Les pays du Franc sont encore loin de la réforme du Franc Cfa, pourtant annoncée en 2019 avec la fermeture des comptes d’opérations auprès du Trésor public français. L’économiste Ndongo Samba Sylla soutient que la tutelle de Paris prévaut toujours sur la monnaie.
La Réforme historique du Fcfa, mettant fin à des décennies de domination française n’a pas été effective quand elle a été annoncée en 2019. Dans un entretien avec « le media », le spécialiste de la Françafrique estime que la fermeture des comptes d’opérations auprès du Trésor public français n’est qu’une mascarade. « Dans les faits, une bonne partie de ces réserves n’a jamais quitté les caisses de Paris », assène-t-il, dénonçant le manque de transparence criant.
Ce n’est pas tout, l’économiste qualifie la réforme de simple « opération de communication ». La domination monétaire de la France sur le franc cfa devrait prendre fin avec le remplacement de cette monnaie par l’Eco.
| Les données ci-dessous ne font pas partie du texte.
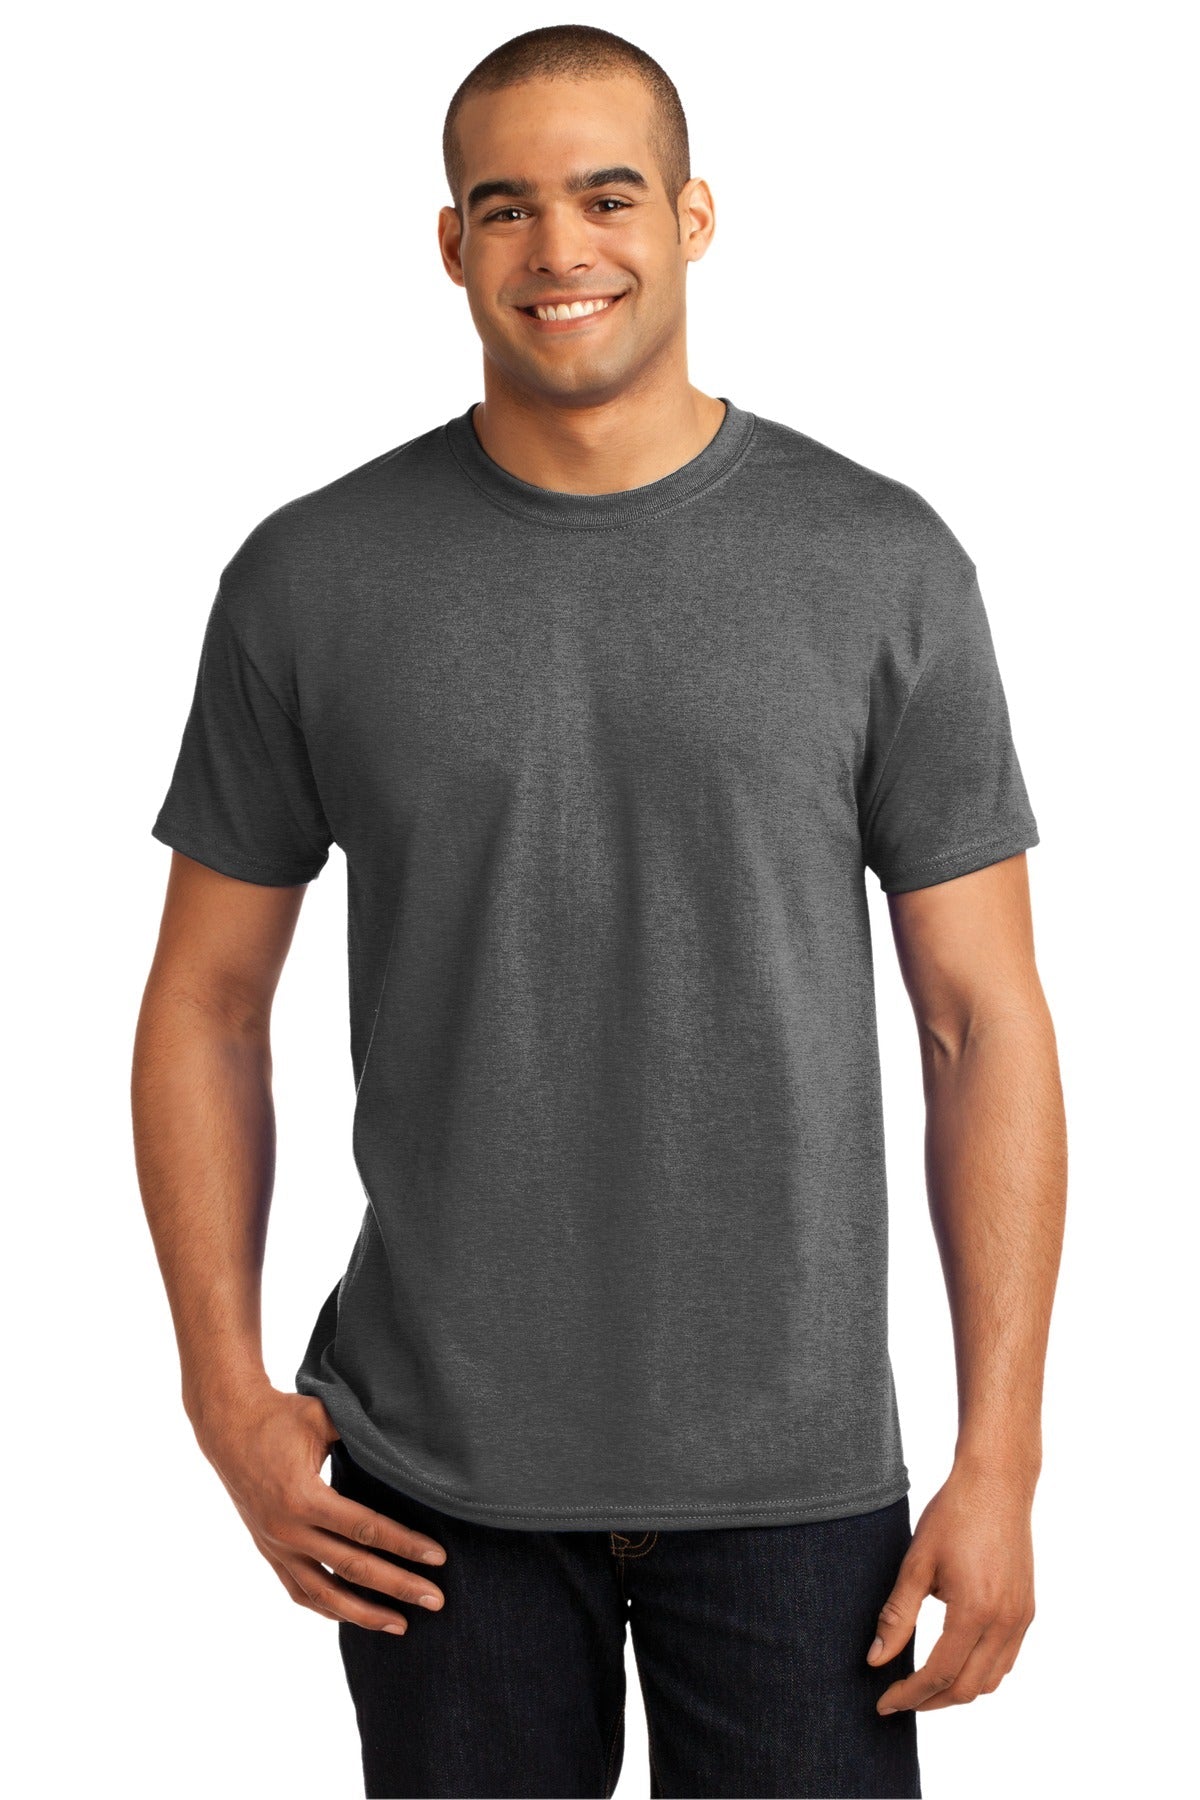 Hanes® - EcoSmart® 50/50 Cotton/Poly T-Shirt. 5170 [Oxford Gray] - DFW Impression

Une promesse qui s’est enrayée face aux réticences de pays non-francophones comme le Nigeria.
Pour Ndongo Samba Sylla, le statu quo perdure tant que la France conserve un rôle de « garant » sur la nouvelle monnaie ouest-africaine, avec une parité fixe inchangée face à l’euro. « C’est toujours la tutelle de Paris qui prévaut », tranche-t-il.
La jeunesse africaine face au Fcfa
Ces faux-semblants peinent à convaincre une partie de la jeunesse africaine, qui voit dans le « nouveau » CFA un symbole néocolonial à abattre. Une fronde s’organise d’ailleurs au Sénégal, au Mali, au Burkina Faso et au Niger pour l’avènement de véritables monnaies nationales ou régionales affranchies de l’influence française.
Face à ces vents de révolte monétaire, Sylla met en garde : « La France n’a économiquement rien à perdre à maintenir le système actuel ». Et d’appeler les dirigeants africains à concevoir dès à présent des modèles économiques souverains, seule condition pour qu’une future réforme monétaire ait un sens.
Le régime du Président Bassirou Diomaye Faye prend très au la question de la monnaie inscrite comme l’une des réformes majeures dans le volet économie de son programme avec la création d’une monnaie locale si une dynamique communautaire ne venait pas à être impulsée.
« Toutes les élites sont convaincues qu’il y a un problème avec cette monnaie et qu’il faut qu’on assume nos responsabilités pour aller vers autre chose », déclarait mi-mars le nouveau Premier ministre sénégalais, Ousmane Sonko. Abandonner le franc CFA, c’est l’une des promesses de campagne du président Bassirou Diomaye Faye.
Les défenseurs du franc CFA estiment, en général, que le niveau reflète bien le niveau de compétitivité prix dans la région. Tandis que les pourfendeurs du franc CFA avancent que ce niveau est surévalué. »
« Nous devons de manière autonome nous approprier notre monnaie, avoir nos propres institutions, la garantir par nous-mêmes », déclarait le nouveau Premier ministre Ousmane Sonko en janvier 2023.
Deux options s’offrent à la nouvelle équipe au pouvoir au Sénégal, dont une sortie collective, selon Martial Ze Belinga, économiste et sociologue, auteur de Sortir l’Afrique de la servitude monétaire – A qui profite le franc CFA ?
« La première option est une sortie par la monnaie communautaire. Dans son schéma initial, c’est la monnaie de la Communauté des Etats d’Afrique de l’Ouest, qu’on appelle la Cédéao. Cet espace, créé en 1975, s’est fixé pour objectif d’avoir une monnaie commune. Il se trouve que dans ces quinze pays, il y a huit pays qui utilisent le franc CFA.
Comme il y a déjà un projet de monnaie commune et que le Sénégal fait partie à la fois d’une union douanière avec les pays qui utilisent le franc CFA, mais une union douanière avec les pays d’Afrique de l’Ouest, il leur paraît logique de sortir du franc CFA pour aller dans un mouvement collectif vers une monnaie qui serait une monnaie de la CEDEAO », avance l’économiste.